Teck’s key product is coking coal, and while the demand picture from China looks weak, there is conservative growth outside of China. Coking coal is mainly used to make steel, and crude steel production is estimated to grow at a 2% compound annual growth rate between 2015 and 2019 thanks to growth from India, Europe, and Japan, Korea, and Taiwan.
The supply picture, however, is bullish. Currently, 30 million tonnes of production cuts have been announced globally, with 50% being implemented by the end of 2014. The end result is that the market is now oversupplied by about 10-15 million tonnes.
Teck itself recently announced 1.5 million tonnes of coal production cuts by shuttering its six Canadian mines for a three-week period, resulting in a 22% drop in production. Teck is not ruling out further cuts as the year progresses. Most importantly though, more cuts from other suppliers are likely on the way.

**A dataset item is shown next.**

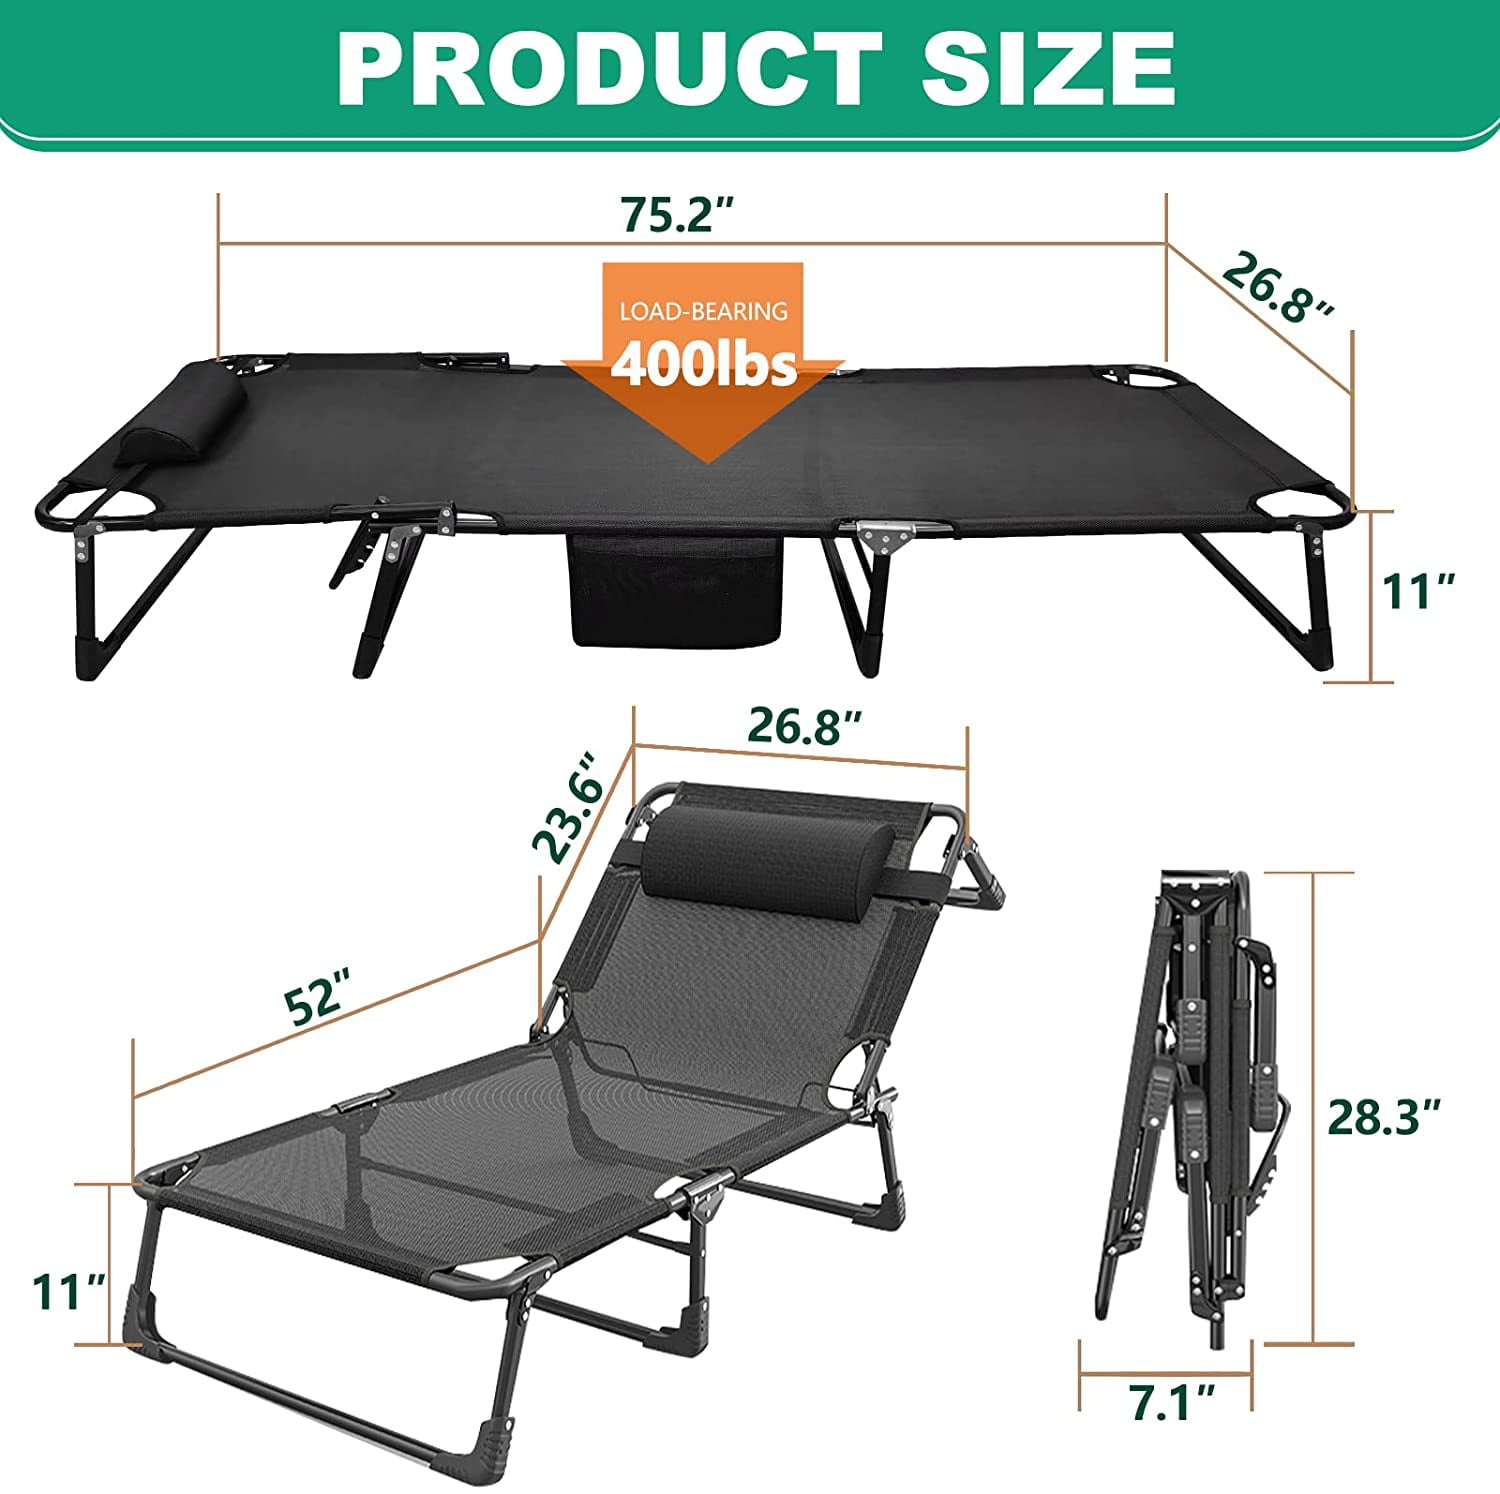 Slsy 4-Fold Sleeping Cots for Adults,Portable Folding Camping Cot,Outside Adults Reclining Folding Chaise with Pillow,Outdoor Patio Lounge Chair for Suntanning,Perfect for Pool/Beach/Patio/Sunbathing

Currently, 25% of coking coal production is not cash flow positive based on current prices, which should result in production declines. This is especially true for American producers; not only are these producers typically higher cost, but they also receive no currency benefit since their operations are based in the U.S. and coal is priced in U.S. dollars. Analysts also estimate costs in China are 50% cash negative.
The end result is that many forecasts see the coking coal market slowing coming back into balance. RBC, for example, is expecting metallurgical prices to rise from below $100 currently to $130 per tonne by 2018.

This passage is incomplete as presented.